The human rights issues of 2018 have spilled over into current events, particularly in two African nations, rights advocates said as they launched the annual Human Rights Watch Africa roundup Thursday in Johannesburg.
This year’s report was meant to be released in Nairobi, Kenya’s capital, but was moved after a terror attack on a luxury hotel this week that left more than 20 people dead.
The report raises concerns about violence and suppression in several African nations, including Burundi, Mozambique and eSwatini, the former Swaziland.
But two countries — the Democratic Republic of Congo and Zimbabwe, both of which had troubled elections in 2018 — stood out, experts said.

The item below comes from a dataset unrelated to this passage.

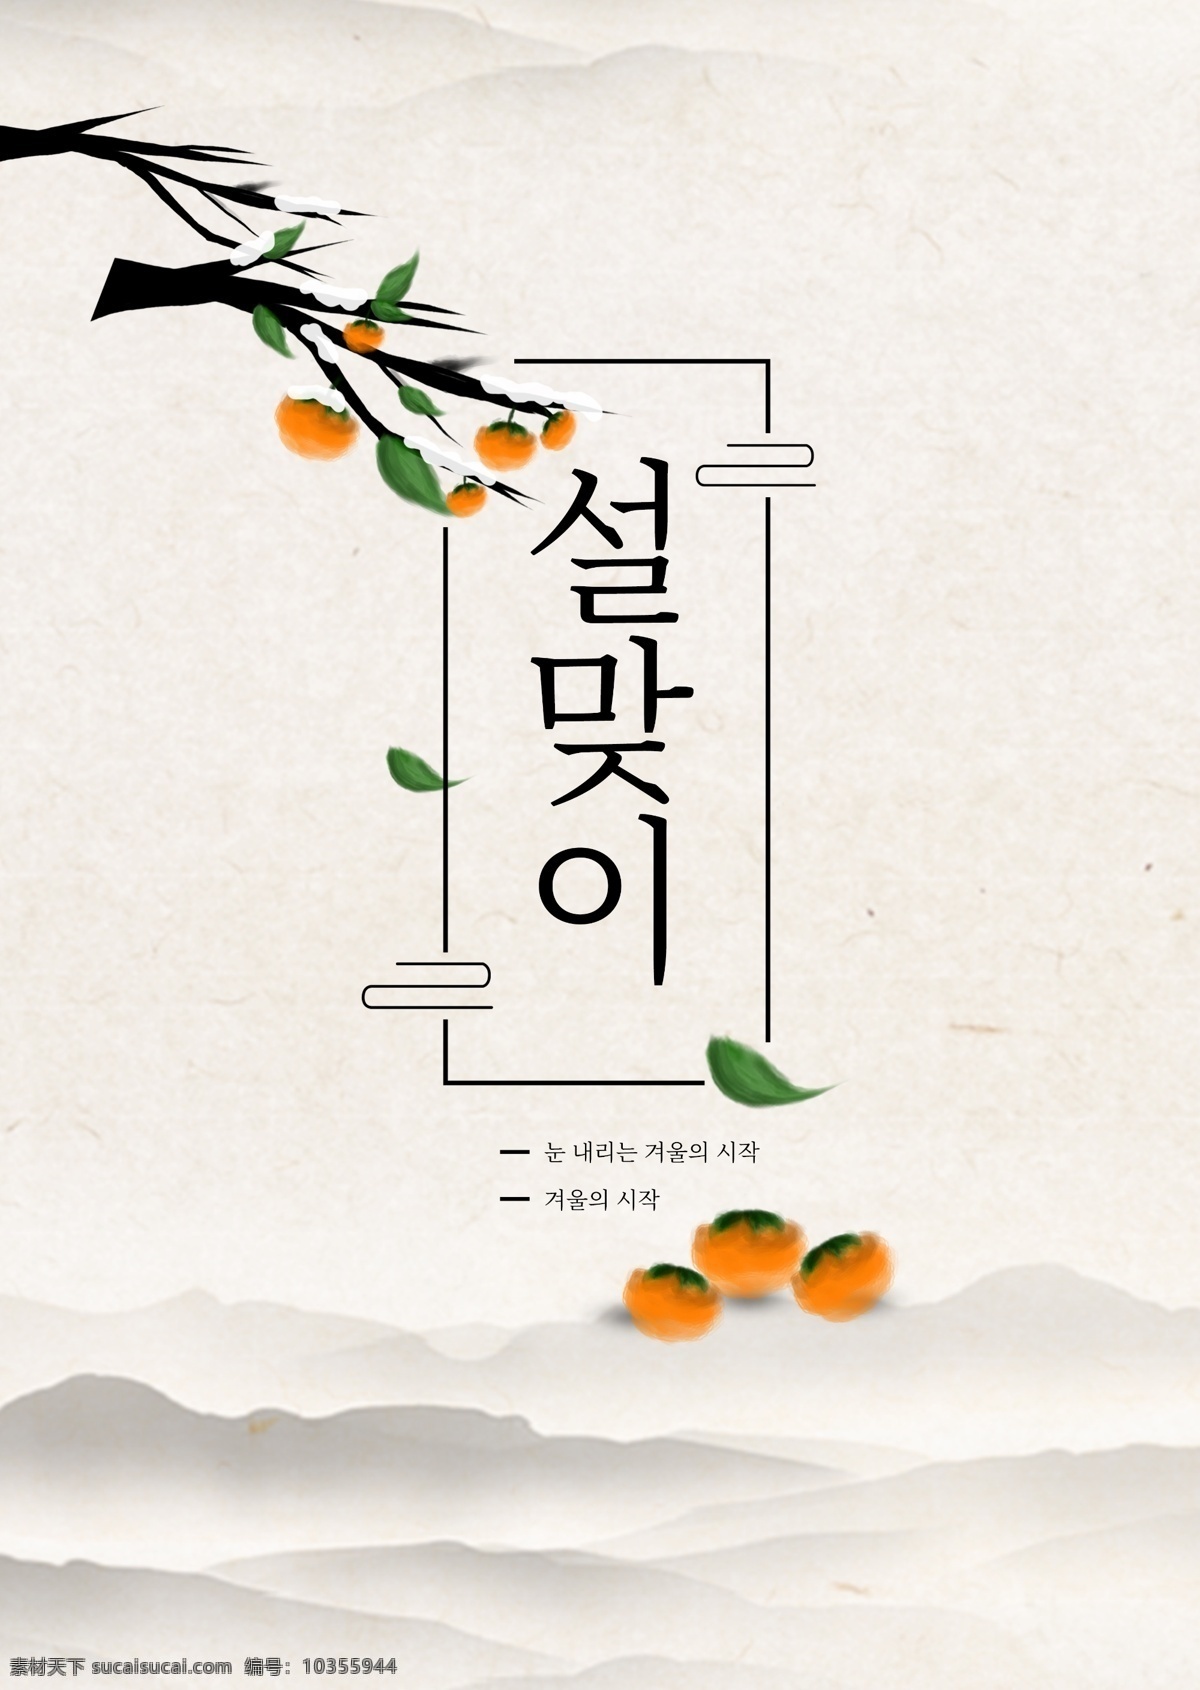 灰色 简单 春天 海报 弹簧 水果 数字 分支机构 橙子 黑色 白色 朝鲜的 山

“We have received reports of serious human rights abuses, including beatings, abductions, torture and the involvement of ZANU-PF, the ruling ZANU-PF Party, groups beating up people in the high-density suburbs around Harare,” said Dewa Mavhinga, the rights’ group’s Southern Africa researcher.
Mavhinga said he’s disappointed to report that the new administration of President Emmerson Mnangagwa, elected last year, has not brought improvement to Zimbabwe.
“Initially, in terms of pronouncements and talks by the new president, Mnangagwa, there were promises that things would improve, that the new dispensation would be respectful of human rights. But that has not been with the case, beginning with the post-election violence of the 1st of August, 2018,” he said. “And there has been no accountability for past abuses and also, the serious abuses of the last few days involving the state security forces have really undermined any efforts at improving human rights in Zimbabwe.”
In the Democratic Republic of Congo, rights officials say a chaotic, delayed election has raised fears of politically motivated human rights abuses. Carine Kaneza Nantulya, the group’s Africa advocacy director, pointed to a recent U.N. report alleging nearly 900 people were killed in rural eastern Congo.
“So, you have an environment where elections were held but marred with, obviously, violence, voter suppression, etc., that has just heightened the tensions within communities which were, obviously, tense before the election,” Nantulya said.
These two African nations, the rights experts said, share certain worrying characteristics: Free speech has been clamped down on; citizens are angry; and politics are bitter, divisive and increasingly authoritarian. And this, they cautioned, is a worrying global trend.